Feb 26 19:34:55 jj0hns0n: mojodna exactly, that is the hardest part
Feb 26 19:35:15 jj0hns0n: lossyrob could be ossim or other toolchains too, but I do think that geotrellis may make the most sense
Feb 26 19:35:21 wildintellect: fyi, I know a couple of data sources we can start with for testing purposes
Feb 26 19:35:40 mojodna: jj0hns0n: can you elaborate on the difficulty for this n00b?
Feb 26 19:35:46 nhv: imo you keep each layer separate onto itself and let the user decide what to combine overlay etc
Feb 26 19:35:46 wildintellect: PublicLab's mapknitter output (Google takes some already), and USDA NAIP
Feb 26 19:36:15 FrankW: The NAIP is available on S3 (BTW)
Feb 26 19:36:19 mojodna: nhv: +1, with defaults
Feb 26 19:36:36 nhv: NAIP on S3 sweet :-)
Feb 26 19:37:21 nhv: NASA's onearth gdal driver looks pretty good for tiling overviewing etc
Feb 26 19:37:26 mojodna: for this to work, the central store needs everything stored in the same projection (right?). has that been decided?
Feb 26 19:37:27 FrankW: nhv: the NAIP is unfortunately a user pay bucket, which is a bit complicated, but hey.

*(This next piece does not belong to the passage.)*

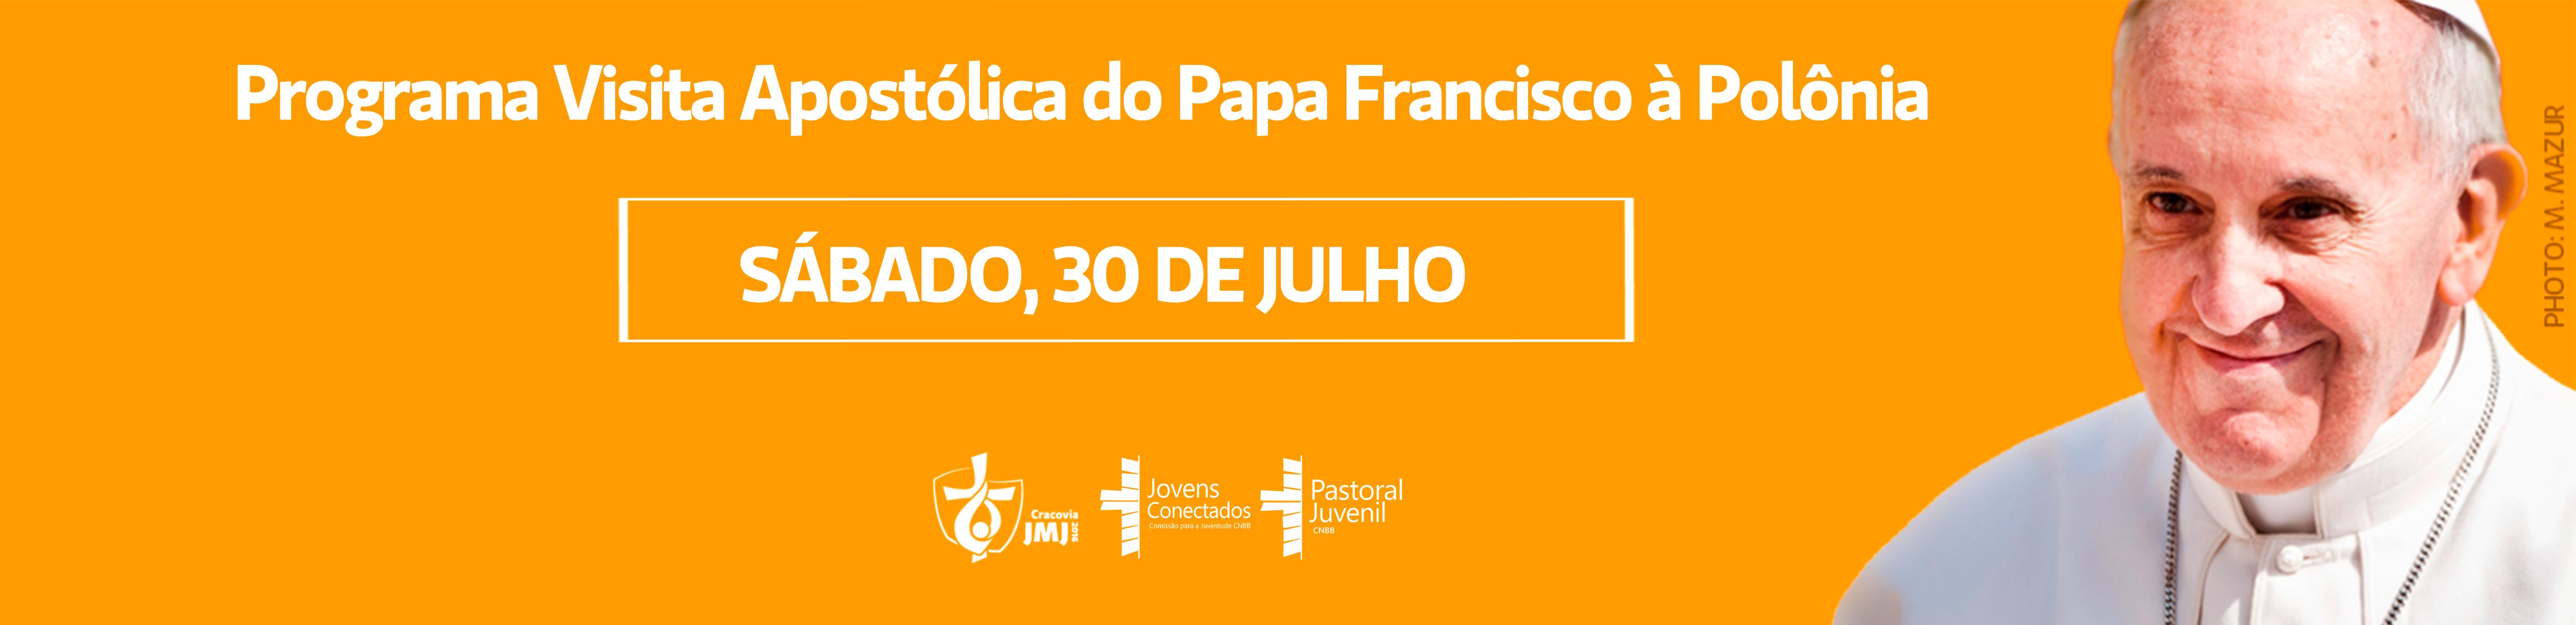 Sábado-30-de-julho---Papa-JMJ

Feb 26 19:37:37 nhv: gottcha
Feb 26 19:37:39 Cristiano: so, if we start from where OAM picks up the data -NAIP or L8 on S3 for example -, what do you see the logical workflow being there. How do things get orchestrated and prioritized to go out as oam.org/tms?
Feb 26 19:38:34 lossyrob: images would need to be reprojected, tiled, and mosaiced, and then served out in a TMS service
Feb 26 19:38:38 nhv: FrankW have you looked at https://github.com/nasa-gibs/mrf
Feb 26 19:39:15 mojodna: we need to track the URL(s) and the data extent somewhere (presumably that was the metadata / catalog convo)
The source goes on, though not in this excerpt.